I support what my noble friend said. Having reread the debate in Committee, I think there is a principle that the Government still need to put into the Bill; perhaps the Minister will tell me differently. The inshore sea area that the MMO will be responsible for—I think the far offshore area will be far less contentious—can be likened to common land. Some people have an economic interest in it, while some have an environmental interest and there is no owner, except that the Crown Estate owns the seabed. However, those coastal communities have, in many cases, worked over years to find a way forward.
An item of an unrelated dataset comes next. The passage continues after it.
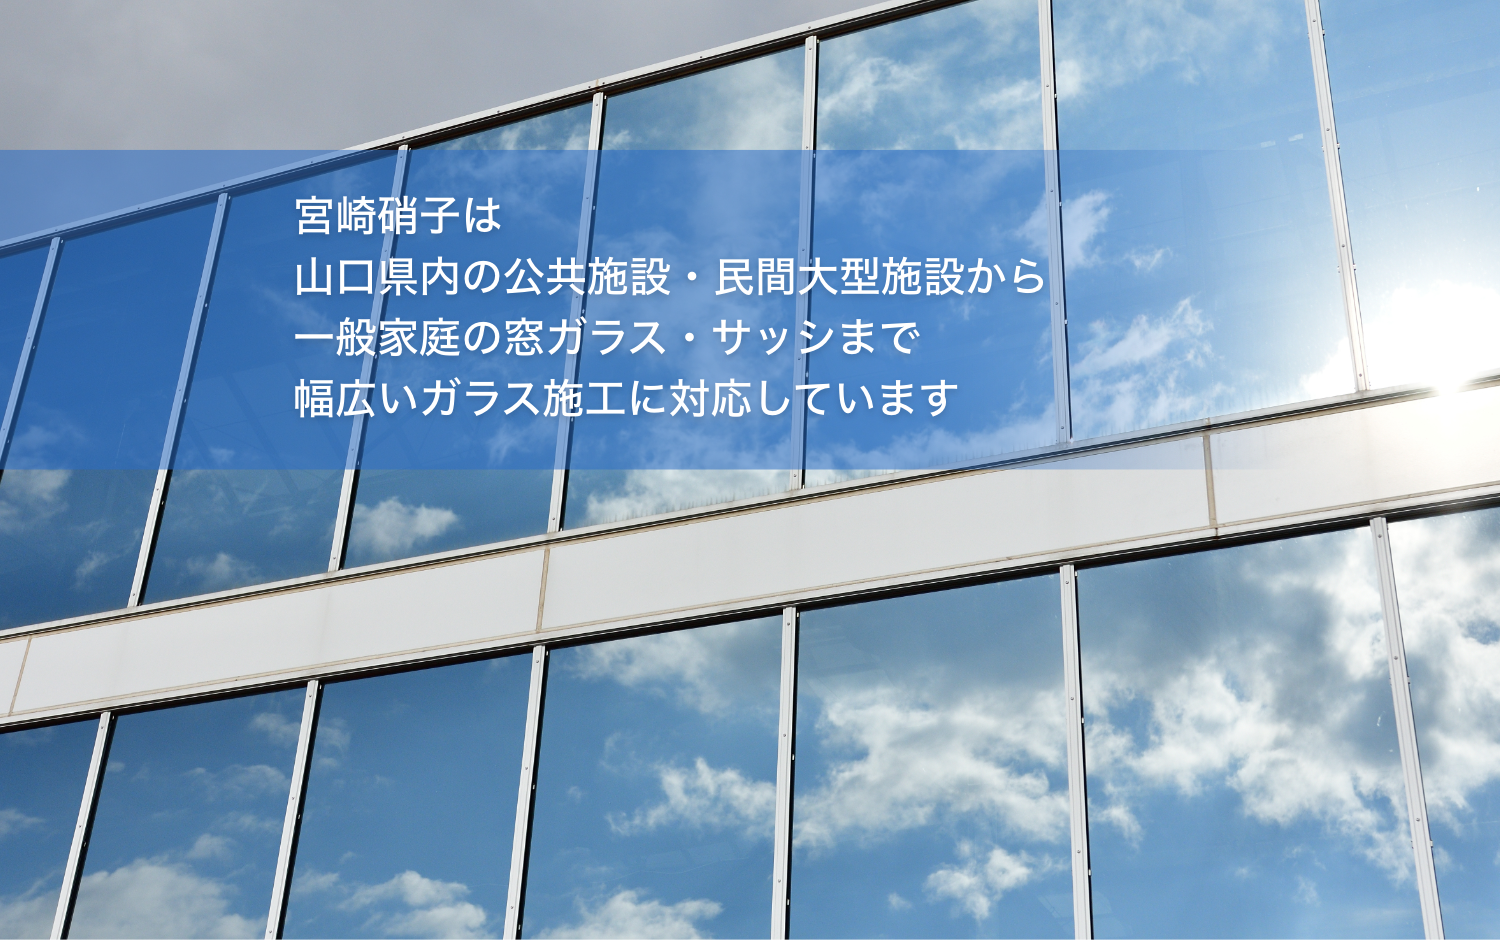 宮崎硝子は山口県内の公共施設・民間大型施設から一般家庭の窓ガラス・サッシまで幅広いガラス施工に対応しています

I am thinking, as the Minister knows, of estuary forums, where competing interests have had to be dealt with, some of which we discussed in Committee, such as recreational interests, say, and shellfish interests. Unless this is recognised in the Bill, all the positive work that coastal communities have done in balancing those different interests in the marine area will be lost. Unless the MMO is brought into that work very fundamentally, in statute, it will be an enormous backward step and those interests could start to compete with each other again. That will send different views to the MMO, making its life much more difficult. That is why I feel strongly that we should recognise the importance not of the statutory bodies, which we will talk about later—my noble friend Lady Hamwee will talk, for example, about the role of statutory local authorities—but of the more ephemeral idea of coastal communities, to which this amendment refers.
Marine and Coastal Access Bill [HL]
Proceeding contribution from
Baroness Miller of Chilthorne Domer
(Liberal Democrat)
in the House of Lords on Tuesday, 5 May 2009.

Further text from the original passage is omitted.